**What the task asks**
Which lines of the entries below run from the one holding "Picture of GENOVA" to the one holding "Somalia Online", inclusive? Set down exactly those lines and no others.

**Provided material**
______________________________
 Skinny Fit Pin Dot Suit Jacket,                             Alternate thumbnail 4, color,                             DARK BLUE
______________________________
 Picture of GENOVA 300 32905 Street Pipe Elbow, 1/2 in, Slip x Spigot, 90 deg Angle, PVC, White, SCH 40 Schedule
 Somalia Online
______________________________
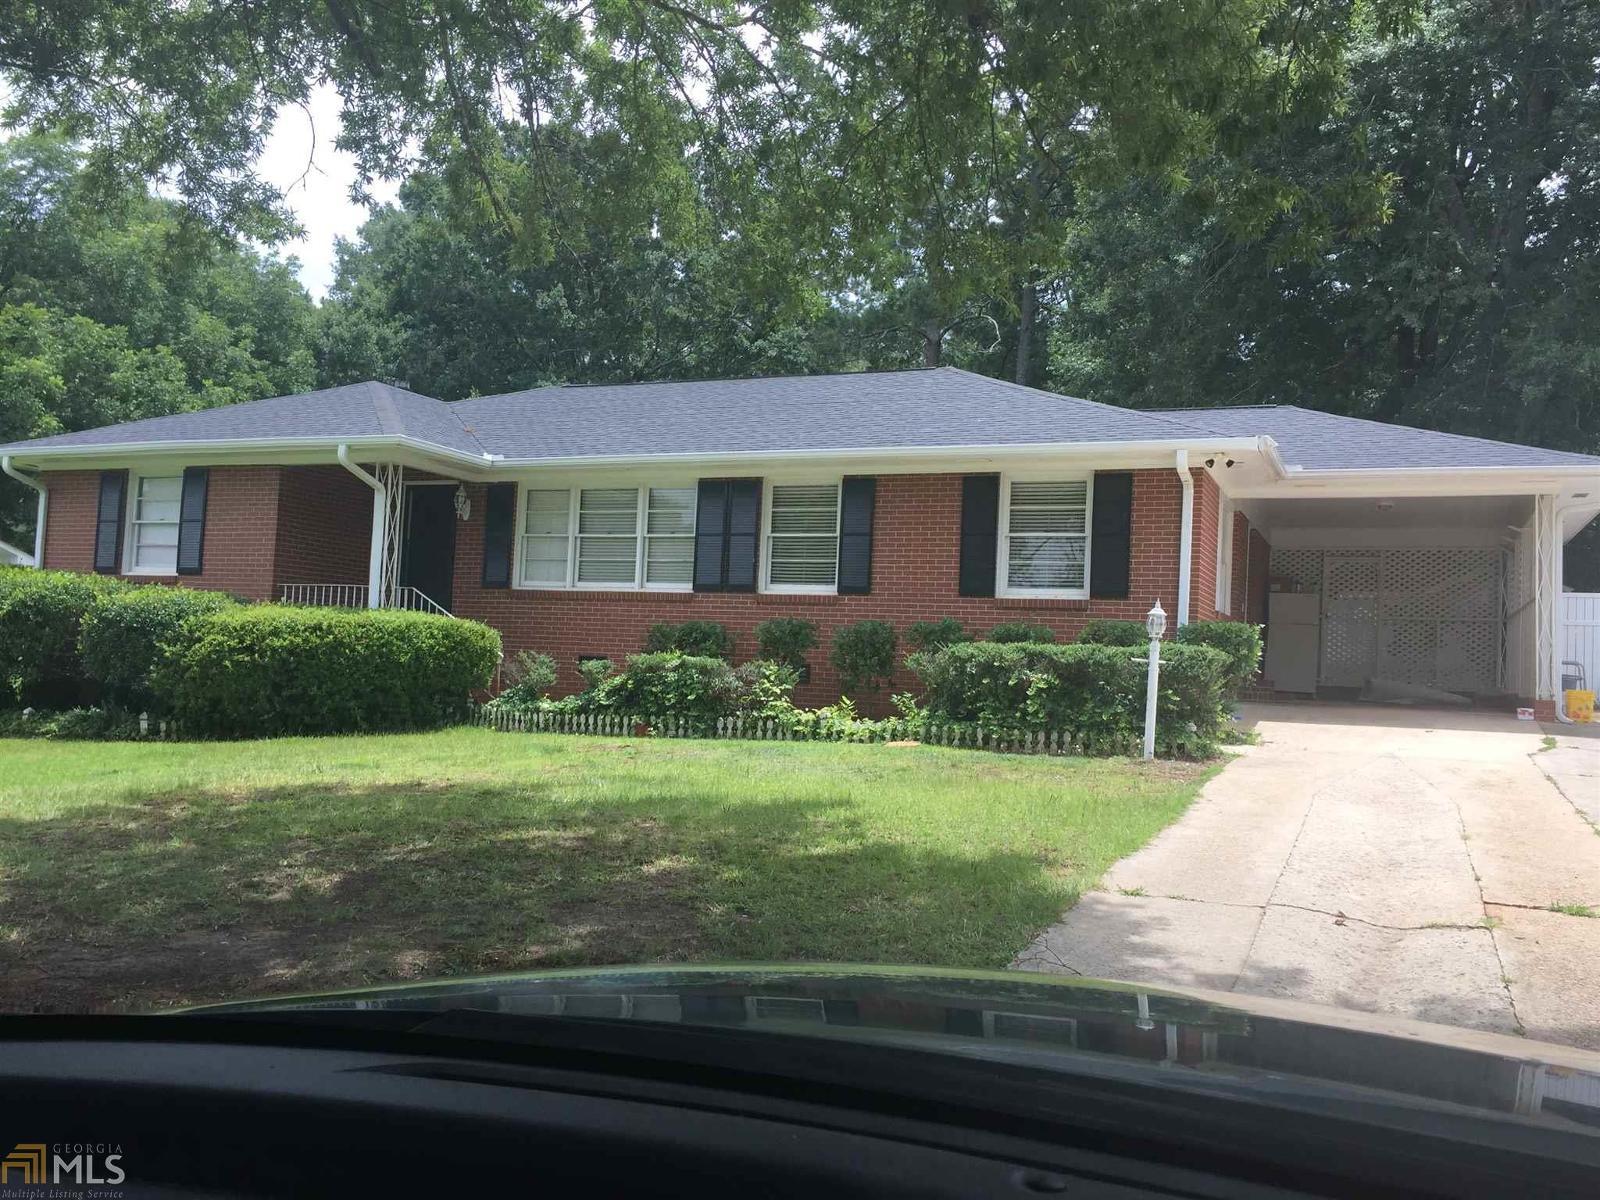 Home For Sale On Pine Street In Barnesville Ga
______________________________
**Task answer**
 Picture of GENOVA 300 32905 Street Pipe Elbow, 1/2 in, Slip x Spigot, 90 deg Angle, PVC, White, SCH 40 Schedule
 Somalia Online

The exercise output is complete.